今回は行程の半分をフランスの旅に充てた。今年からセネガルの大学院大学CASR3PMを自分の第一本拠と定めたため、セネガルの本家であるフランスについてもっと知りたい、フランス語に慣れたい、そしてフランス人の動態について観察したいという目的があり、これに1965年南米大陸放浪以来の陸路長距離移動の趣味を組み合わせた。ついでに講演を頼まれたロンドンの世界シンポジウムに出席のため、パリとロンドンをTGV、英仏フェリーそして英国南西鉄道の新幹線を乗り継いで往復してみた。
パリに学事打ち合わせで2日滞在の後、セネガルに渡る前の1週間は、南フランスのスペイン国境に近いフランス側カタルーニャ地方の中心であるペルピニャンという20万人都市で過ごした。カタルーニャ(フランス語ではカタラン)とはフランス・スペイン国境を成すピレネー山脈の両側に広がる独特の文化圏を形成する地方で、最大都市はスペイン側のバルセロナである。フランスの大学はベルギー国境に近いリール(Lille)にあり、北部はお馴染みになっているが、パリから南に来たのはこれが初めてであった。

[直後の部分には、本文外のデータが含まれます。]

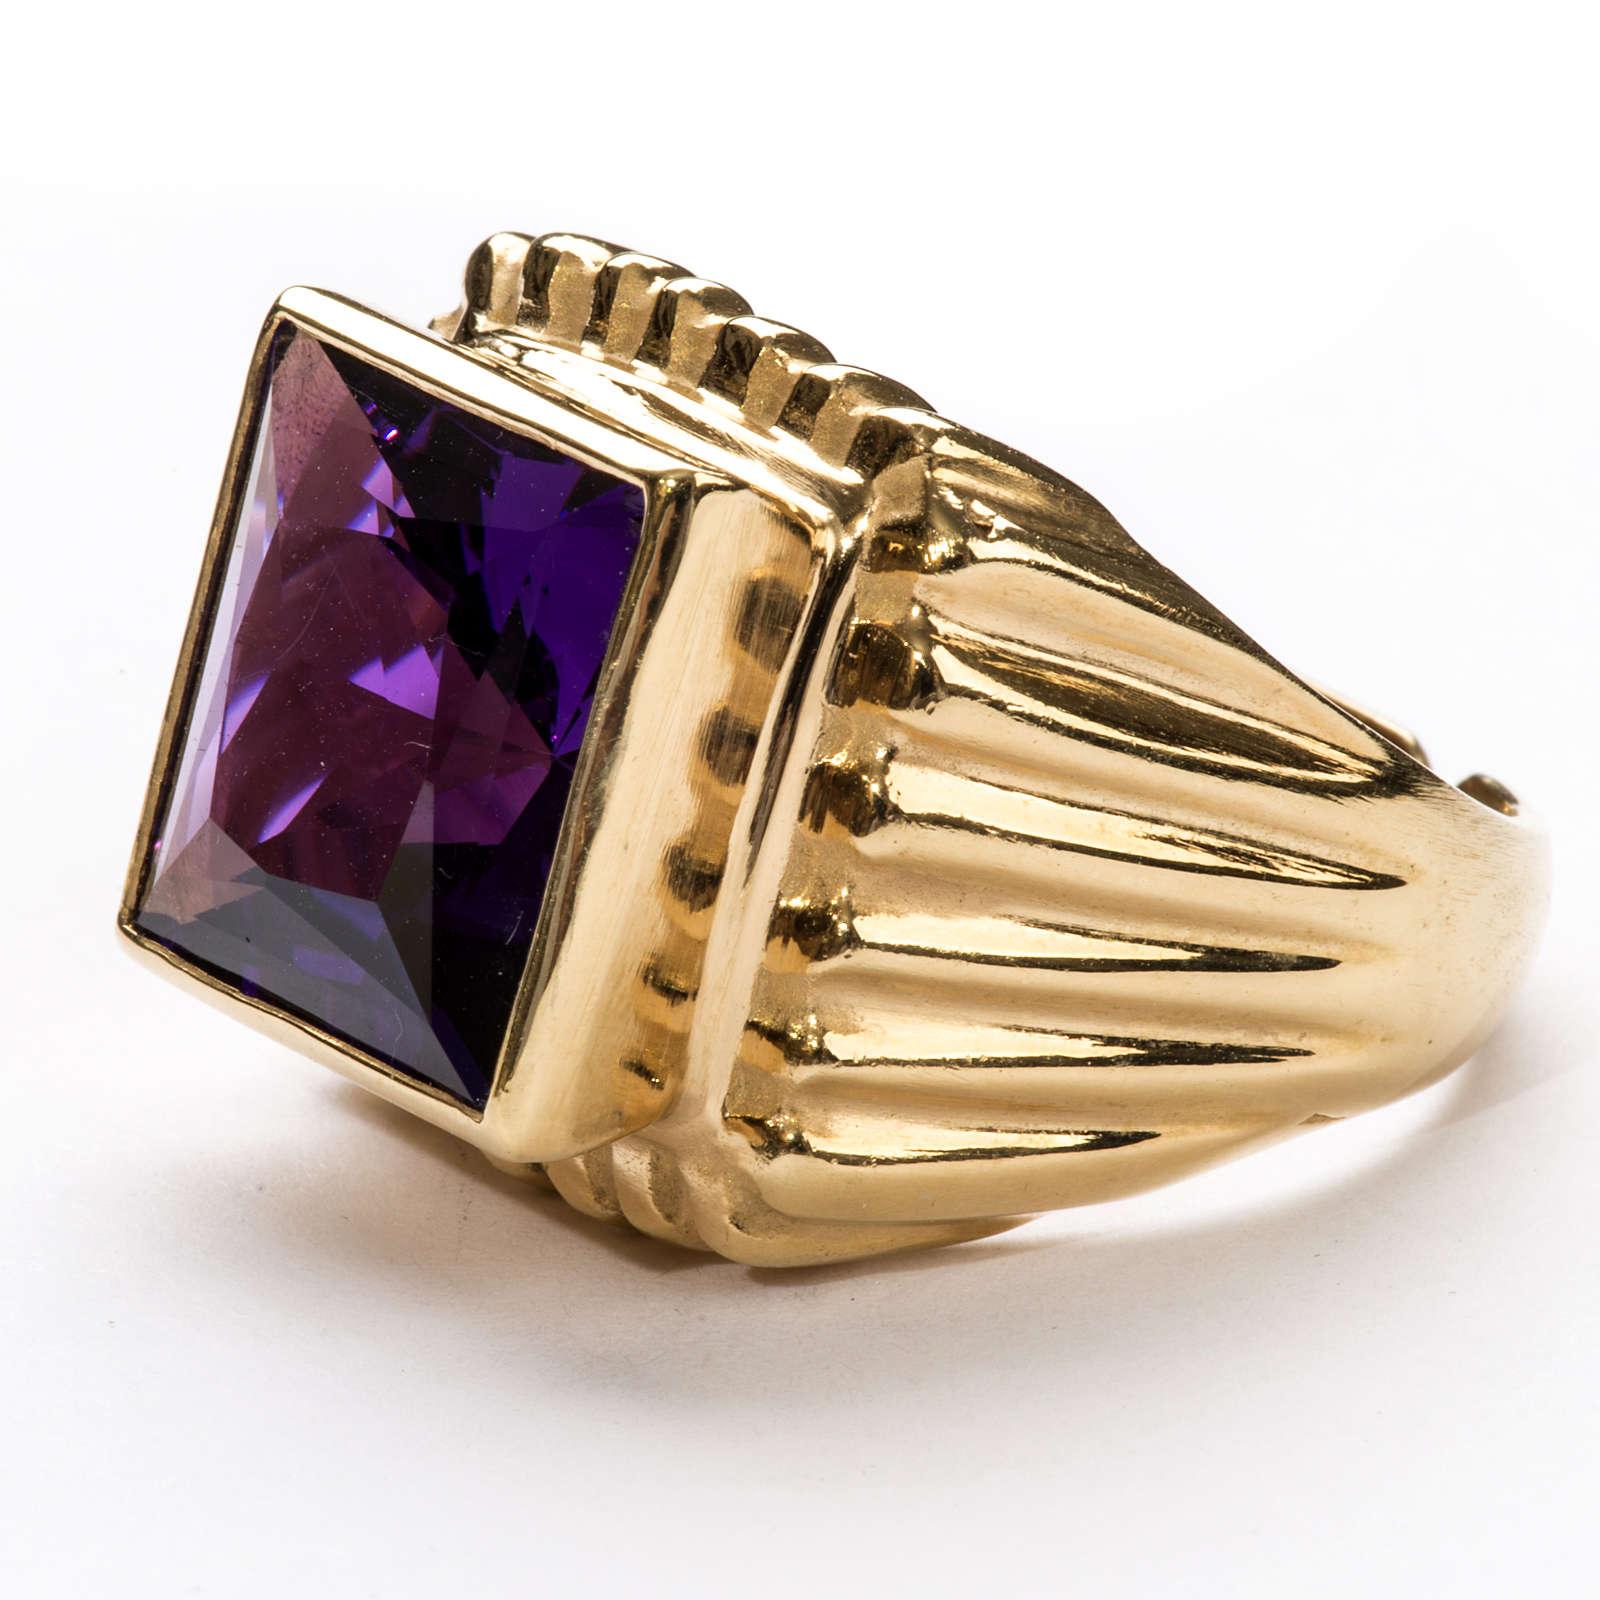 Anel episcopal prata 925 dourada jade cor de ametista 3

フランスでは、3日以上滞在の場合はアパートホテルと呼ばれている滞在型ホテルで過ごすが、ペルピニャンのそれは、駅の真ん前でホームから2分、駅ビル地下のスーパーまで3分、町まで徒歩10分と便が大変よく、また、雪を抱くピレネーの高峰を望み、7キロ先の地中海からの潮風をかすかに感じ、ホテルを訪れるスペイン人(客の80%)、イタリア人、中国人とロビーでちょっとした交流ができる楽しい場所であった。中国人はこのような町にも団体でやって来て私に中国語で話しかけてくる。中国人から同国人と思われるのはしょっちゅうある。
ペルピニャンではフランス語の他にみなスペイン語を話すので、フランス語の会話は片言でもスペイン語は一応話せる私には大変心地よい。駅はフランスのTGVの国内線の南の終着駅であるが、国際線ではパリ発スペイン・バルセロナ駅直通便が日に4本ある。また、同じ地中海沿岸のマルセイユからマドリードへ直行するスペイン国鉄RENFEの新幹線AVEも半年前に開通した。子供の頃から鉄道そのものと駅が大好きな私は、フランスに行くと、仕事の合間をみて一日2時間は駅で過ごす。駅は動態観察に絶好の場所であり、何時間居ても飽きない。また、生きた会話のヒアリング練習の場でもある。
拠点(パリ、リール)から近距離のローカル鉄道の旅を行うのを常としているが、今回はペルピニャンからスペイン国境の町セルベール (Cerbère)と北のナルボンヌ(Narbonne) まで行ってみた。国境の町、セルベールは熱海にそっくりな町で、切り立った峠からの碧い地中海や国境の半島の眺めが素晴らしい。不思議なことは、ペルピニャン方面から、セルベールでトンネルを抜けたスペイン側の国境の町ポール・ブー (Port Bou)までは何本も直行列車があるのに、ポール・ブー発フランス側行きは全くないことだ。バルセロナからフランスに来るTGVはよいが、スペインからのローカル越境列車がだめなのは、なにかフランス側の(移民)政策があるのかもしれない。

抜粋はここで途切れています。